Shallow-pitched corrugated asbestos roof, felt-covered, with central apex and low chimney. One storey. The dimensions of the prototype Portal bungalow of 1944 were adopted (32' 4" by 21' 3"), as were its provision of two bedrooms (to left of hall), living room (to right) and the standard Portal kitchen and bathroom unit, which was delivered ready assembled to site. Timber windows with metal opening casements and toplights, the living room to right with distinctive double casements mirrored round central mullion. Central door (renewed) under curved metal porch that is an idiosyncratic feature of the Phoenix design. Similar casement windows to rear. Shed at rear of identical design but altered.

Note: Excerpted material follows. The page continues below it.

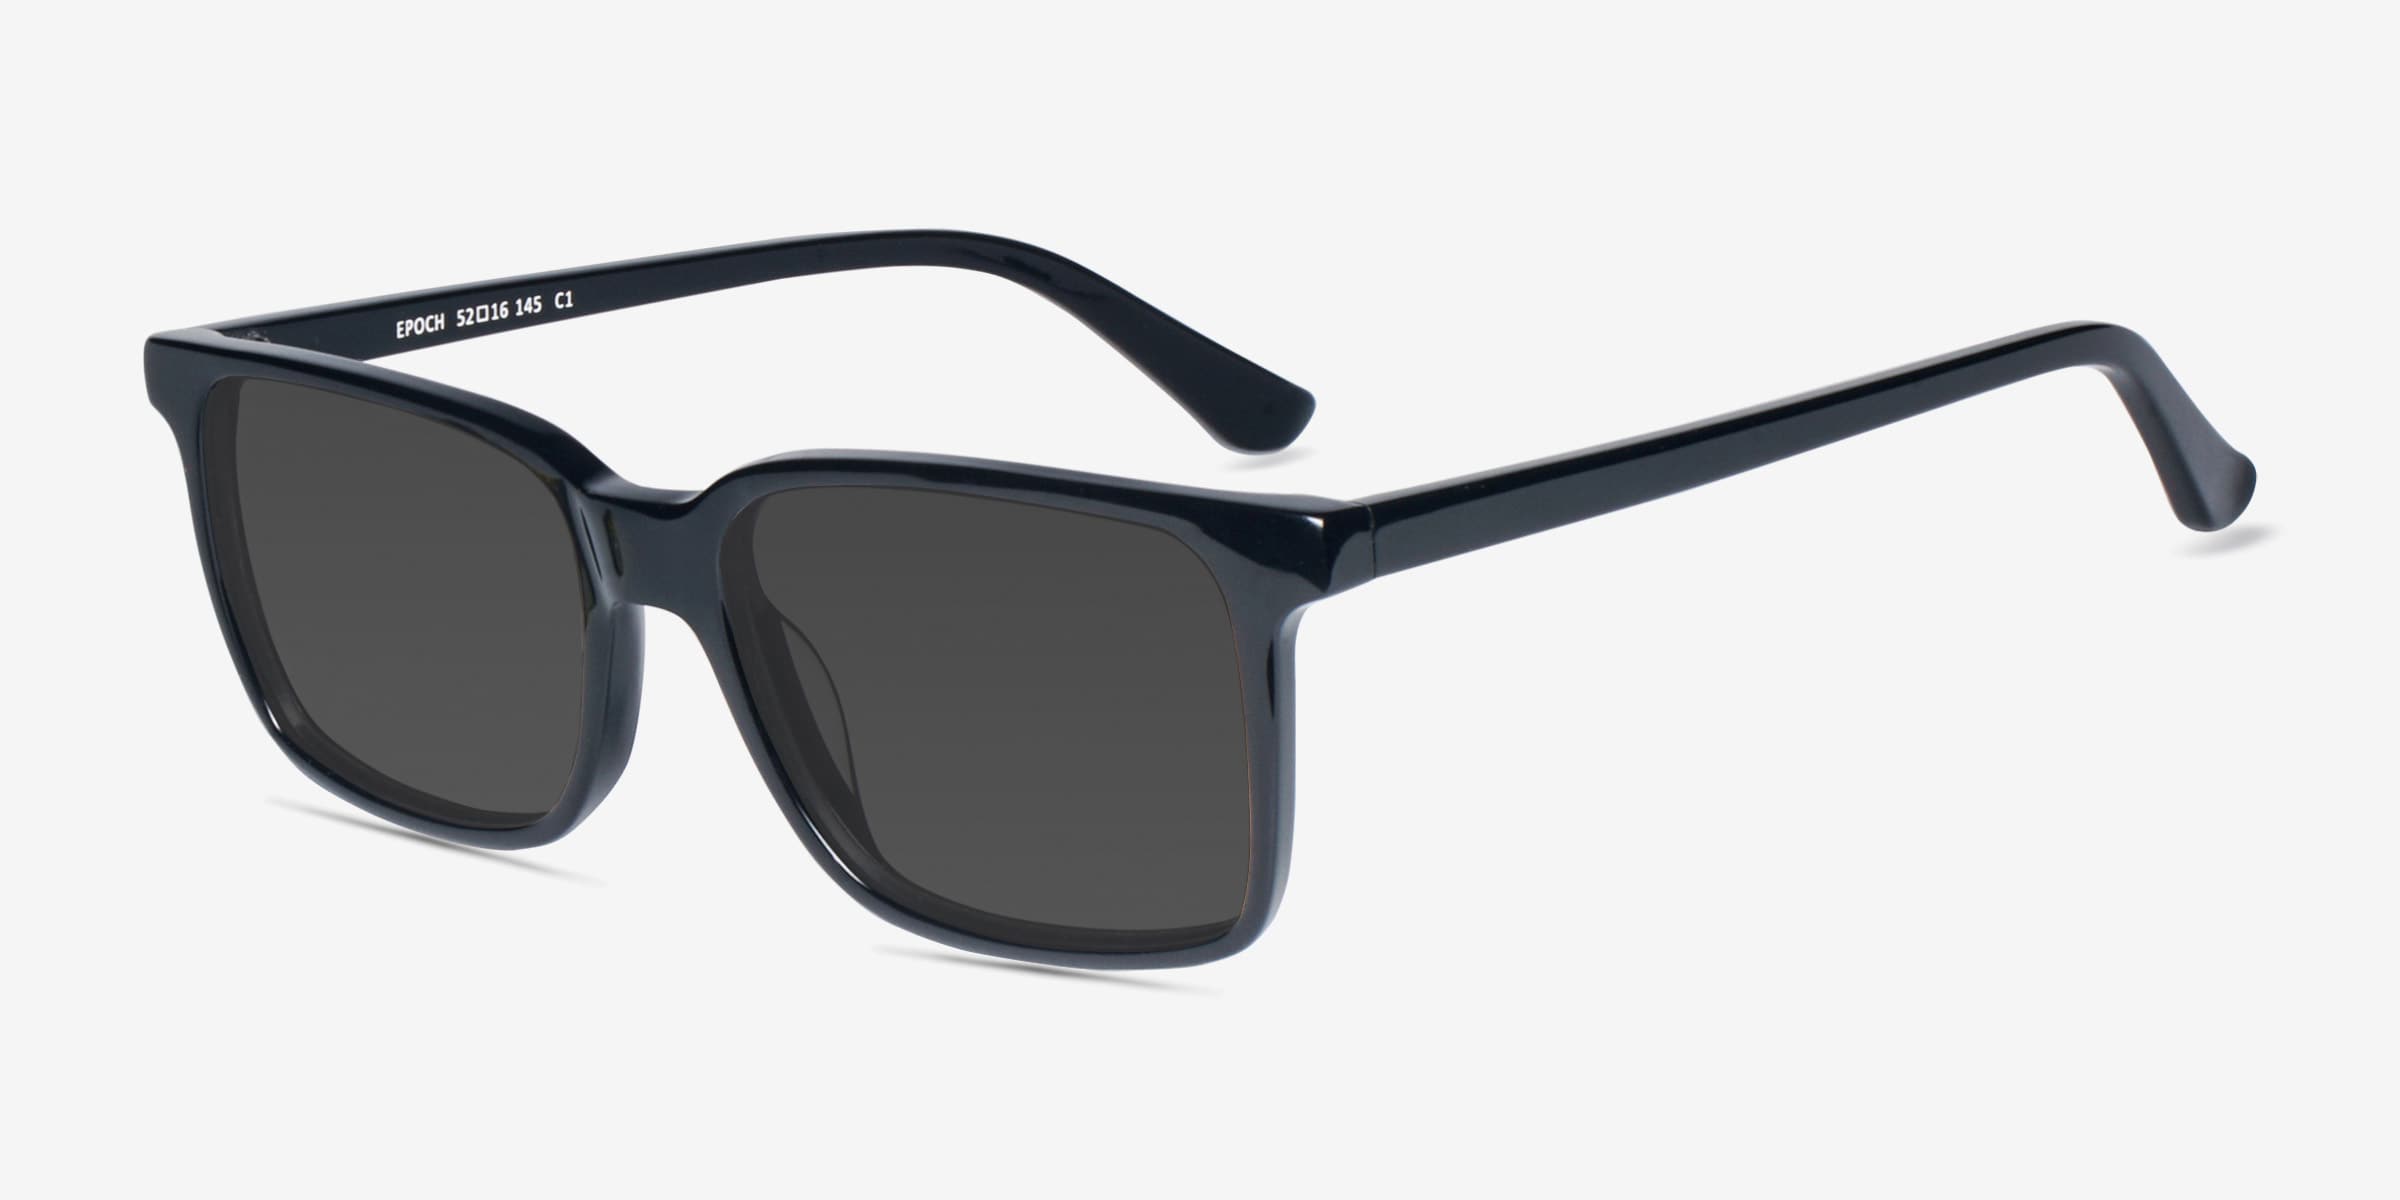 特価 Epoch ブラック好評販売中 カラー 6面小さいサングラス フレームとレンズの選択 Epoch6 Epoch Eyewear 財布 帽子 ファッション小物 Stonybankchurch Com

The interior was designed to be fully fitted at a time when furniture and kitchen fixtures were unobtainable. Living room with fitted shelving, principal bedrooom (at rear) with fitted cupboards. Kitchen, bathroom and separate WC fitted as a single unit, designed by the Ministry of Works, and some features remain.

HISTORY
Some 2,428 Phoenix prefabs were erected in the United Kingdom as part of the Temporary Housing Programme, which erected about 156,623 temporary bungalows across Britain between 1944 and 1948. This was a scheme devised by Lord Portal, Minister of Works, to relieve the post-war housing shortage at a time when conventional materials were unavailable and wartime industries needed a new peacetime function. The Phoenix is one of the rarest of the eleven approved types, though one of the most substantially constructed. Modelled on the Portal prototype bungalow exhibited at the Tate Gallery in 1944 they are notable for their fully fitted interiors, which from the first included fitted kitchens with washing machines and refridgerators (then still novelties), and a careful layout. The bungalows erected under the Housing (Temporary
Accommodation) Act stand out from other prefabricated housing of the period because of their more carefully planned design, internal fixtures, their great historical interest and by being detached.

ASSESSMENT
The group of prefabs in Wake Green Road is an unusual surviving example of a rare variant of the Portal bungalow, and one which is still more remarkable for its exceptional state of preservation with few alterations.
(The Builder: 7 September 1945: 195; Brenda Vale: Prefabs, a History of the UK Temporary Housing Programme: 1995-).